In short, real “organic” home prices (i.e. prices from sales not influenced by government scams) are continuing to decline, strong seasonal markets that worked to lift the S&P/Case-Shiller throughout the spring and early summer will now worked to weigh it down, the worst hit markets appear to be resuming a declining trend and New York is clearly on the verge of a significant home price slide.

All of these factors will contribute to changing the consensus opinion going forward.


  1. Anonymous4:00 PM

    SATT - just fyi - case shiller puts out a seasonally adjusted series too.

    Unfortunately, it too shows a gain in prices - not as much as the non-seasonally adjusted series, but a gain nonetheless.

    Anyways, you might want to consider graphing that one as it may take some of the "noise" out of your data.

  2. Anonymous8:14 PM

    I heard a report on the radio recently advising that anyone who wanted to take advantage of that whopping $8K (up to) grant should have their contract to buy executed by the end of September.

    So soon this anomaly should be all worked out of the data EXCEPT for any after-shock i.e. the record setting (lowest sales in almost 3 decades, I think I heard) slump in car sales following the cash for clunkers program.

    If the up to $8K R.E. incentive creates the same dynamic the sales stats for November and forward for some period should show a similar crash.


  3. Anonymous8:43 PM

    lets face it, if anyone here thinks Congress is going to let this "stimulus" expire at the end of November, they must be smoking the "green shoots" that are apparently growing so quickly around our feet.

    Congress will extend this into next year (most likely until spring). They have no choice. They see the coming wave of foreclosures from the ARM's resetting, and they need to do anything and everything they can to minimize its effect.
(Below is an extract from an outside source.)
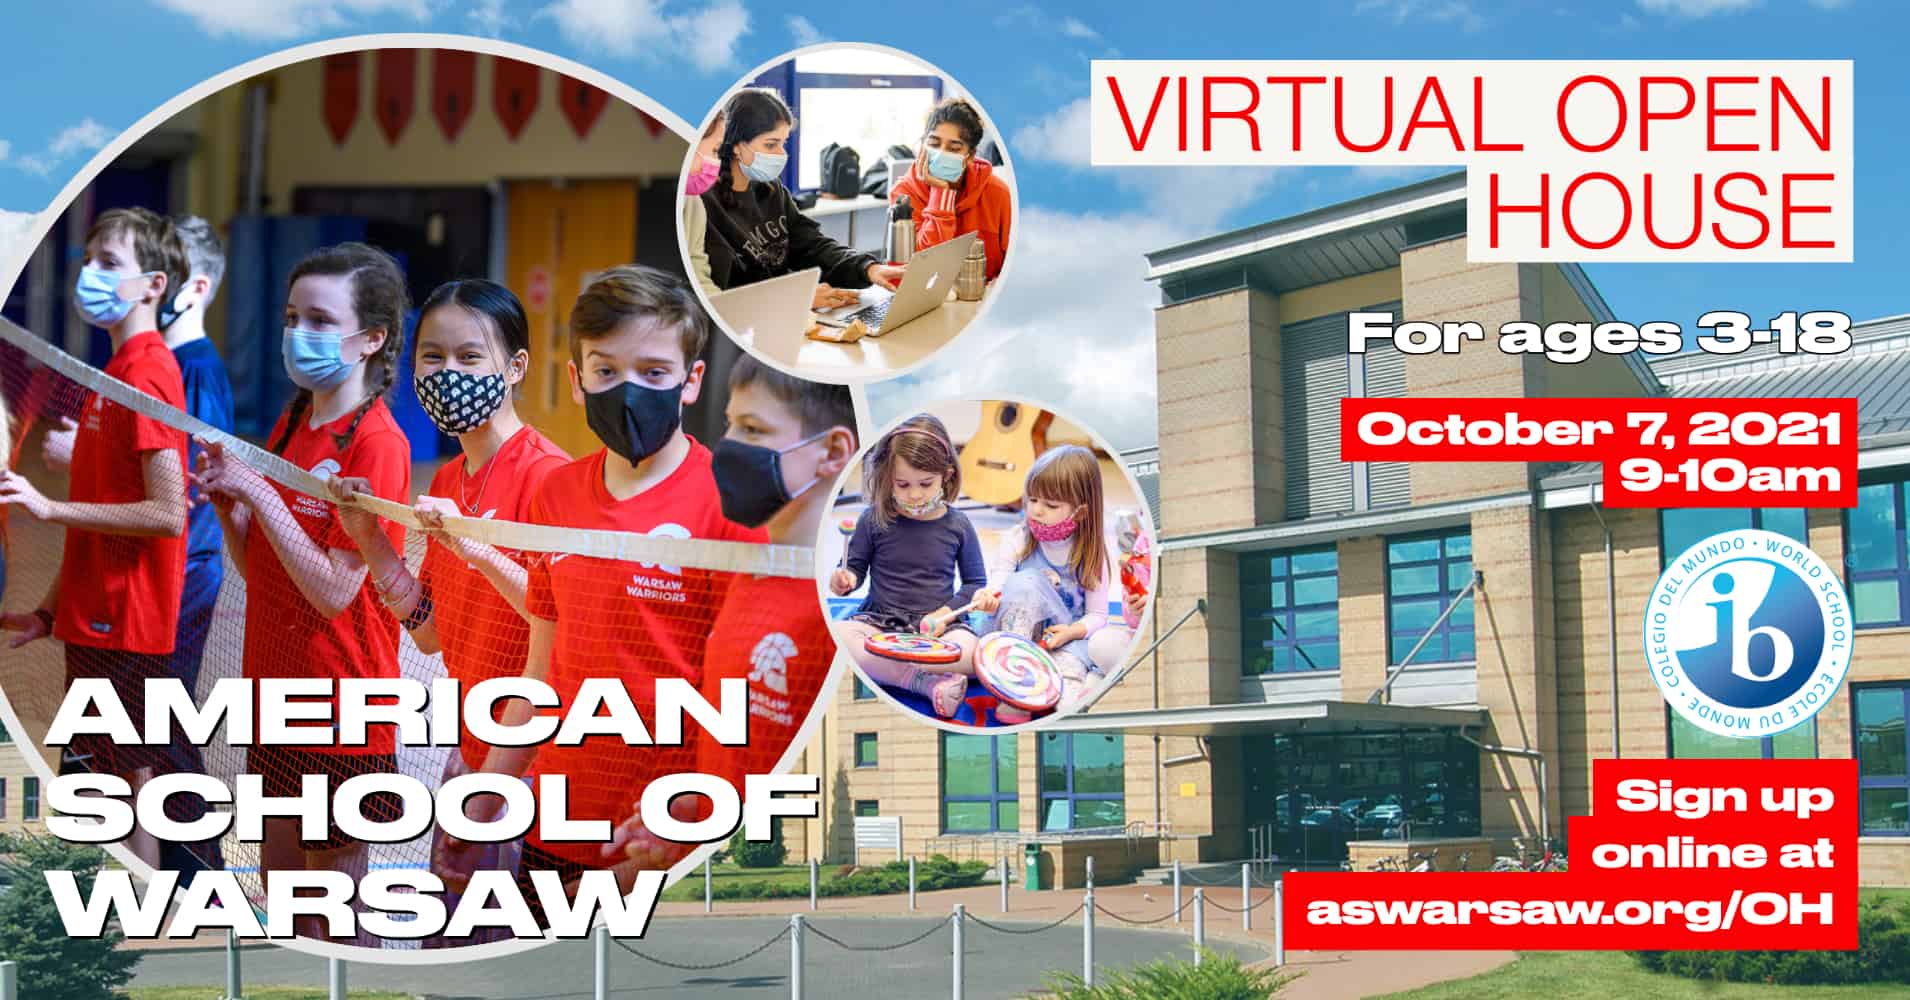 American School of Warsaw Virtual Open House

    But, in the meantime, they need for it to appear that it will end. This is what is creating the "panic" to buy.

    Interesting times we are living in...

  4. Anon1,

    The first chart is the seasonally adjusted series but remember seasonal adjustment cannot adjust for the effects of government stimulus (unless of course there are a few years of recurring stimulus) so the seasonal adjustments are not providing the most accurate view ...

    Also, just for the record seasonal adjustment is an important tool but we have to always remember that it is not an exact science... its a hash of the source data to find the trend in a trend using (mostly) the data in the series itself...


    Unfortunately the CSI data reports two months back so the markets will still be looking at peak seasonal results for another few months and like anon3, I expect the feds to extend the program.

    I agree yet I do believe that eventually we will chew through most of the "sidelined" buyers who are silly enough to jump for an $8000 gimmick.

    So the stimulating effects will wear down even if the govt extends the program.

    Another thing to keep in mind too is inventory.

    I have noticed an interesting trend around the Boston area... rising inventory into the fall... this is very unusual and I expect the MAR numbers to start picking it up as early as this months report.

    What I think is happening is that there are MANY sidelined sellers.... as they see what appears to be a market bottom (to stocks, housing and the economy) and what appears to be government stoking buying activity, they are trying to get in on it...

    This may be the makings of a lose-lose situation for the feds... if they effectively spur on home buying activity, inventory will increase putting more pressure on prices.. if the don't stimulate buying activity will slow putting pressure on prices.

    I think this is part of fighting an uphill battle of deflation... its pointless to wage a price war against the "invisible hand".